Silence. More silence. An embarrassed giggle from Charlotte. I turn to go. I think I’ve made my point about the female definition of equality.
I’m a man, says Oliver.
Then you should try behaving like one, I reply.
Liz opens her mouth to say something, but I cut her off before she has a chance to speak. I’ll tell you one thing men are better at, I say, flatly. Putting up with things. Biting their lip, and putting up with things. Putting up with bucketloads and bucketloads of absolute shit being poured over their head. And not fighting back. They’re better at not fighting back. They’re better at taking it, taking it, taking it, and then just walking away.

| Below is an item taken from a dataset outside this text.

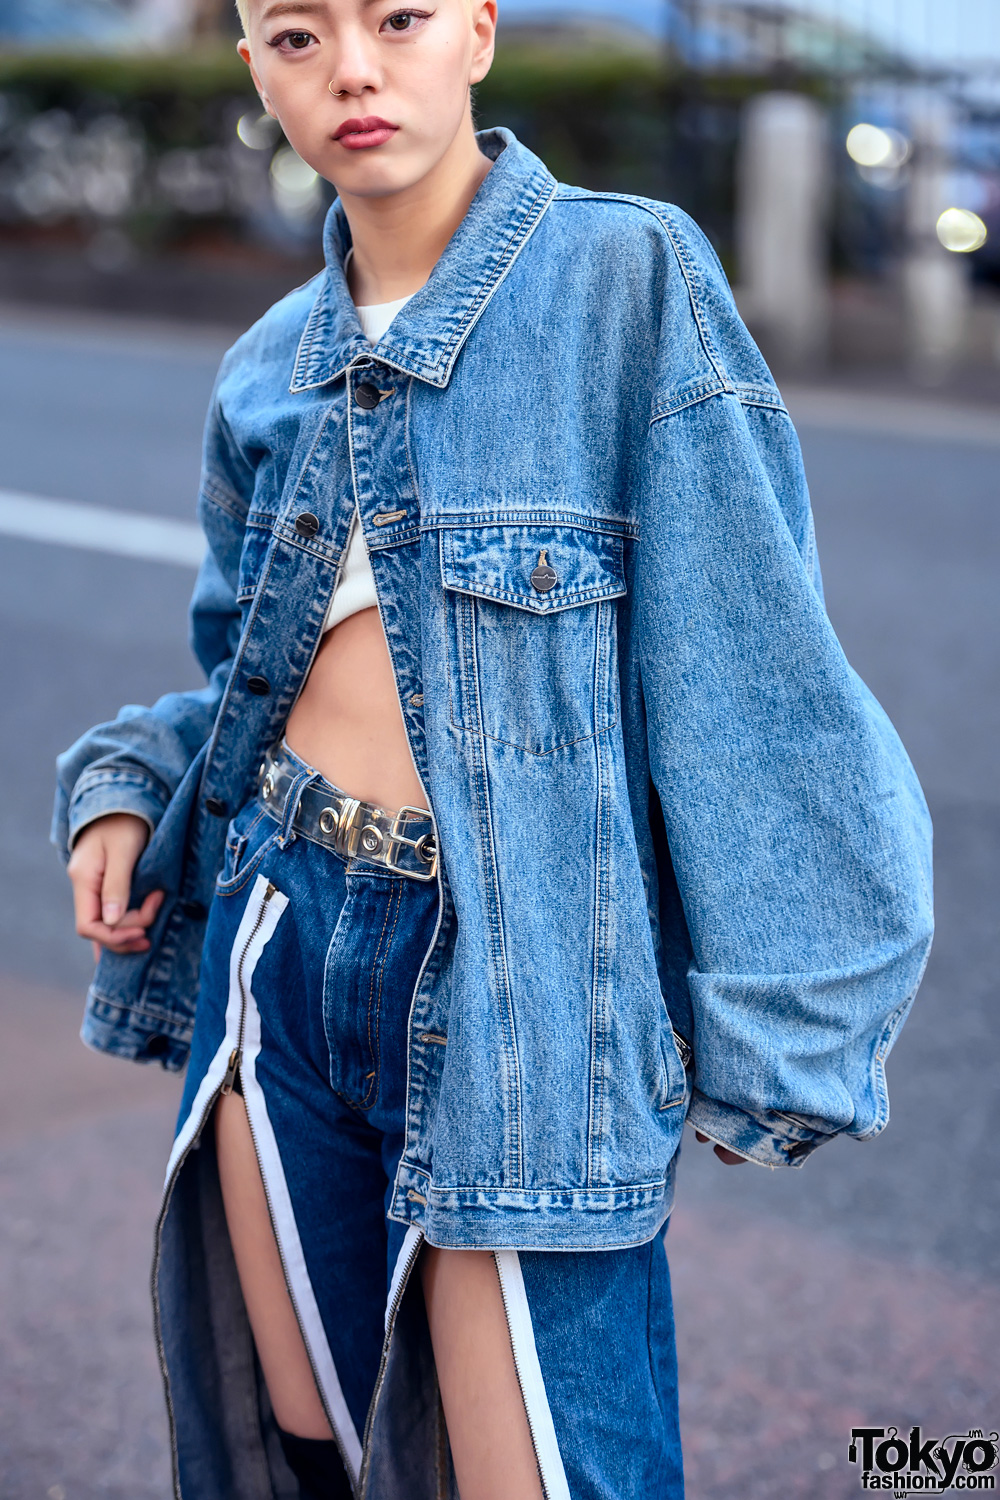 Shaved Head Harajuku Girl in Zip Front Jeans, Denim Jacket & Over-The ...

Without another word, I turn on my heel and walk through to the kitchen, where Poppy appears to be making rock cakes with Beth.
Poppy, Daddy has to go now. I put my hand on her shoulder.
Daddy! Look what you made me do, she says, angrily. A small drumlin she was forging out of the cake dough has lost its peak, and become flattened. Not fair. I hate you Daddy! Go away!
Children are gay and innocent and heartless. So says J. M. Barrie, and who am I, one of a million Peter Pans, to disagree?
‘Bye, poppet.
She says nothing, but begins to cry. Not about me leaving, but about her cake dough being the wrong shape.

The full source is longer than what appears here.